Keywords

1 Introduction

Electroencephalogram (EEG) signals contain important information about human conditions, and brain-computer interface (BCI) systems with EEG are currently widely used for normal interaction between people with related disabilities through external devices [3], as well as brainprint identification [7]. For these purposes, using computers to decode EEG into understandable language becomes one of the research focuses of BCI technology.

Motor imagery (MI) refers to imagining an action in the brain but not actually executing it [14], which is different from the EEG signals generated during actual actions [16], and has a wide range of application scenarios.

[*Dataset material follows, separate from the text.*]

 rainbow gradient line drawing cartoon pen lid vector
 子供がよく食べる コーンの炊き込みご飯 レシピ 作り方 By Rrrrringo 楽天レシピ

In the field of healthcare, it can be used for the rehabilitation process of patients with paralysis and stroke [11], and can also help patients with motor disorders communicate with the outside world through BCI devices [10], such as mobile assisted robots [5].

EEG signals have relatively low signal to noise ratio and large individual differences [25], and the current research results are not sufficient to achieve a satisfactory level of application. The ultimate goal of EEG signal recognition should be robust, automatic, and with high-precision [1]. In traditional methods, the processing of MI-EEG signals is usually composed of three steps: signal preprocessing, feature extraction, and classification [2]. Traditional feature extraction methods such as common spatial pattern can be used to construct optimal spatial filters. And Principal Component Analysis can be used for data preprocessing which can extract more effective features [24]. However, they are often difficult to meet the actual needs, and often need manual debugging.

In recent years, the widely used deep learning model not only overcomes the limitations of specific tasks, but also further improves the classification accuracy based on data preprocessing. With the future progress in the fields of computer vision and natural language processing, the recognition of MI will be more accurate and rapid. The convolutional neural network (CNN) framework, which is widely used in EEG processing, is successfully applied in MI recognition since its inception. The deep CNN model can use parallel multiscale filter banks to process data, and the resulting inter subject individual network has a good effect on cross subject classification [18]. Using batch normalization (BN) [8], exponential linear units (ELU), and reasonably designing training strategies, the decoding performance of deep convolutional networks [17] are effectively improved.

Recent research on recognizing MI mainly concentrates on various CNN models, as presented in Fig. 1 [1]. This figure also affirms that CNN has an excellent capability to classify EEG-based MI. Nonetheless, the employment of CNN models in MI classification encounters some limitations as the research progressed. For example, although CNN has strong ability to extract local features, its performance in extracting long time series features is poor. However, most studies in improving CNN do not consider the long term series features of the data itself.

Fig. 1.
figure 1

Proportion of deep neural networks architecture used in recent years.

In this study, we propose an improved CNN model for EEG-based MI classification tasks. Long-term features in MI signals are extracted using the gate recurrent unit (GRU), while temporal and spatial features are extracted by the convolutional blocks. The biggest difference between our method and other hybrid CNN methods is that GRU extracts features in parallel. This process does not forget the features obtained after convolution operations, and can fully leverage the advantages of CNN in extracting local features and GRU in extracting long time series features. This approach proves to be highly effective in compensating for the large individual difference present in EEG-based MI signals. The proposed model is evaluated on the BCI competition IV-2a, a highly challenging dataset, and achieves competitive accuracy level in within-subject classification. The manuscript is structured as follows: Sect. 2 introduces the related works. Section 3 describes the proposed model’s architecture in detail. Section 4 covers the experimental setup including the dataset, performance metrics, and analysis of the experimental results. The limitations and potential of the proposed model are further discussed. Section 5 summarizes the paper.

2 Related Works

For the problem of less EEG-based MI data, literature [23] uses data augmentation to construct artificial EEG frames to expand the dataset and maintain the original multi-channel EEG input. In order to better address the problem of large individual differences in EEG, literature [5] conducts more in-depth research on feature extraction methods using mixed scale convolution blocks, and finds that the optimal convolution scale varies depending on the subject. And then they use different convolution kernels to extract temporal features. Further, a series parallel structure is used in the deep framework to extract deep features at different scales in the time domain, space domain, and frequency domain [25]. Distinguishing temporal convolution from spatial convolution to extract the feature representation of EEG signals in different spaces simultaneously is a design idea for general parallel structures [9].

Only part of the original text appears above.